Is Brett Favre too old, gimpy for this?
The Brett Favre story has devolved into parody. I get it. Nobody wants to read more about him, and yet everybody seems to read everything about him. He's become the most polarizing man in sports -- part-diva, part-hero -- and wherever you fall you have to admit he's good for the collective conversation.
There's something troubling about his latest comeback, though, and it became apparent in the third of the four downs Favre played against the 49ers on Sunday night. To put it bluntly, the NFL is no place for a 40-year-old man with a balky ankle and an ego that makes him believe he no longer needs to train year-round.
On that third play, Favre went back to pass and found himself defenseless against a blitz by linebackers Patrick Willis and Takeo Spikes. Willis is a couple of steps faster than Spikes, so he got there first and drilled a backpedaling Favre into the turf. His 40-year-old head bounced. If Willis had been two steps slower, he and Spikes would have hit Favre simultaneously.
Everyone always asks the same question about Favre: Will he or won't he? Maybe the question needs to be rephrased: Should he?
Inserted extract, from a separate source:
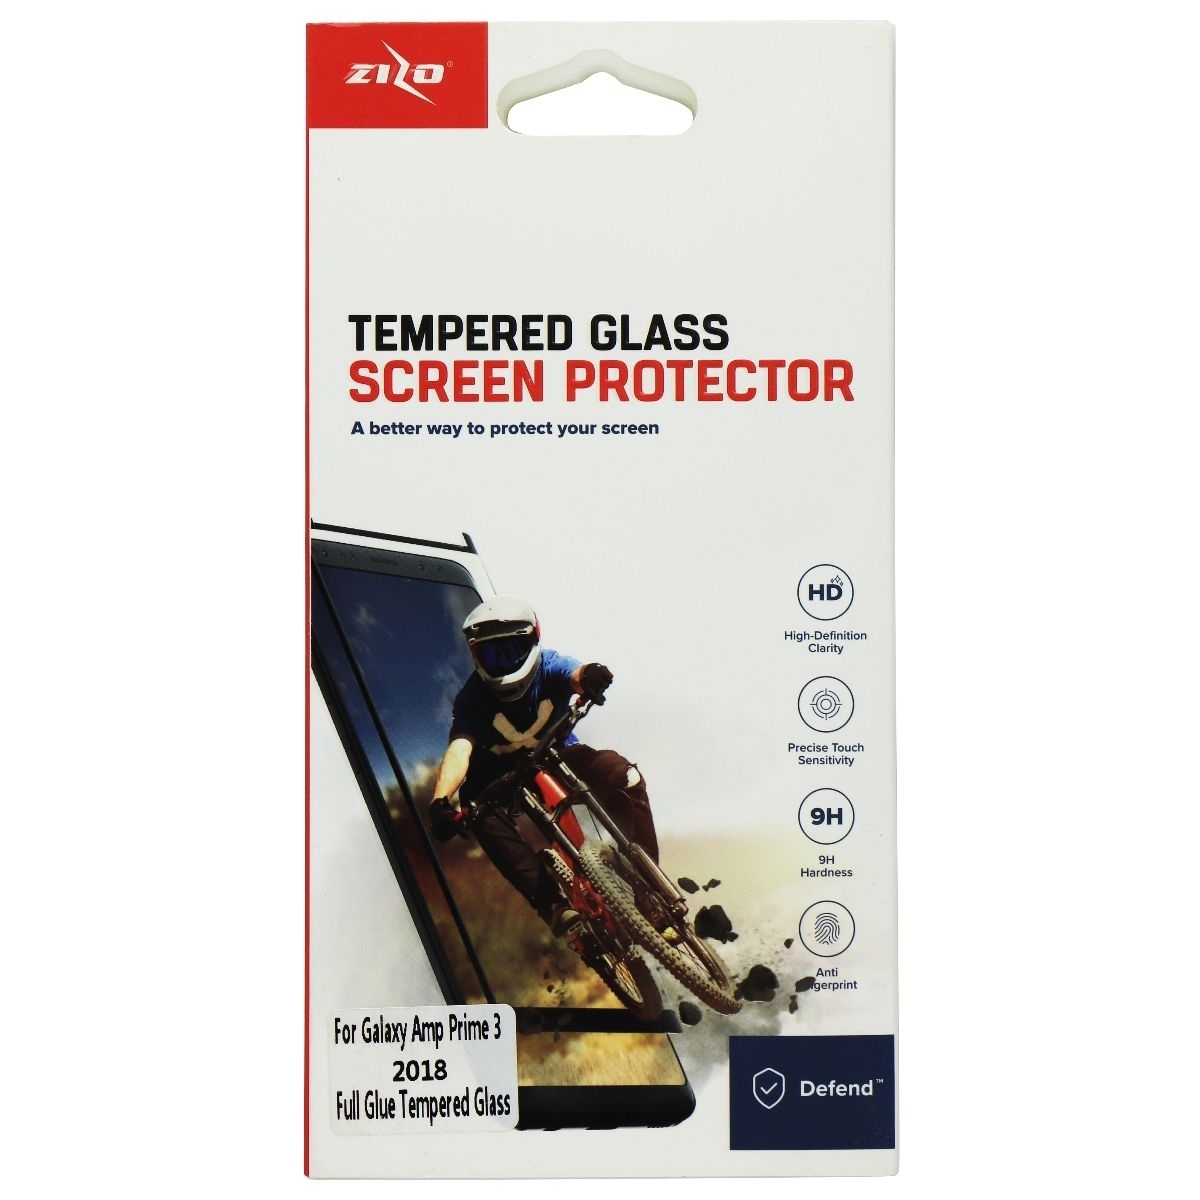 Zizo Tempered Glass Screen Protector For Galaxy Amp Prime 3 - Clear (Refurbished)

There's no question he had a tremendous season last year. There's no need to rehash that -- it was Favre at his swashbuckling, fun-loving, ass-slapping finest. Brad Childress stood there in stupefied admiration, the whole state of Minnesota fell in love with him and the Wranglers flew off the shelves faster than an old cotton farmer could slap a tin of Copenhagen in the back right pocket.
But there's more involved here than just a guy embarking on another lark through a 16-game schedule. Look it's his body and his brain and his life. I'm not trying to go all Big Brother on Brett. He's a big boy, or a big kid, or whatever the worshippers are calling him these days. A big part of his incessant unretirements, it seems, is a troubling inability to find satisfaction with anything else. You can put a positive spin on it and call him a workaholic, or you could assume that he's incurably intoxicated by fame. Maybe he just can't stand Hattiesburg in the fall. Whatever the case, he isn't adept at getting out when the getting's good. And last January, the getting was as good as it's ever going to get.
The guys lining up on the other side are getting bigger and stronger and faster. (Take a look at the official NFL note Chad Ochocinco found on his locker last week if you think the league's drug policy does anything more than catch the dimmest of the dim. If you can read or count -- either one, not necessarily both -- you're in good shape.) We're just getting hip to the dangers of head injuries, and Favre is a 40-year old man with a bad ankle, playing on a team that has no problem throwing him onto the field less than a week after the three-man cowboy cavalry -- including, for some reason, a kicker -- tossed a lasso around the ol' boy's ankles and brought him up north to play a little more ball and collect a few more million.
In a quarterback roundtable discussion with Sports Illustrated last summer, Carson Palmer suggested that the violence in an NFL game could someday result in death -- not death at 50 caused by a degenerating, collision-related syndrome, but immediate death on the field, in a game. A lot of NFL players were shocked Palmer said such a thing for public dissemination, but it's not clear whether they disagreed or simply viewed it as a public airing of a private fear.
And not to get even more alarmist on you, but there's also this: Favre has a huge target on his chest. It's not just Gregg Williams and the Saints, who blitzed Favre mercilessly in the NFC Championship last year and have vowed to do so in the opener again this year. He will be blitzed all year, by everyone. The 49ers blitzed the man on the third down of the game Sunday -- an exhibition game, for God's sake -- and Willis looked far more than exhibition-game happy when he leaped over a prone Favre after the fact. Have Seahawks defensive linemen and linebackers ever been more excited about a preseason gameplan than the one for Saturday night? Probably not.
The NFL isn't a place for sentimentality. There might be a lot of graying, middle-aged dudes roaming the land wearing No. 4 jerseys (and Wranglers) rooting for Favre because he's carrying the banner for graying, middle-aged dudes, but none of them are playing defense in the NFL. As Willis showed, NFL linebackers are about as sentimental as the Chinese Taipei Little League team. In other words, if Willis was beating Canada 21-0, he'd score on a passed ball, too.
If you can remove the insufferable drama that accompanies the man, his return to the NFL is great theater. It's good for the league, good for the fans (pro or con) and as long as you're not Tarvaris Jackson, good for the Vikings.
The jury's out on only one guy: Favre.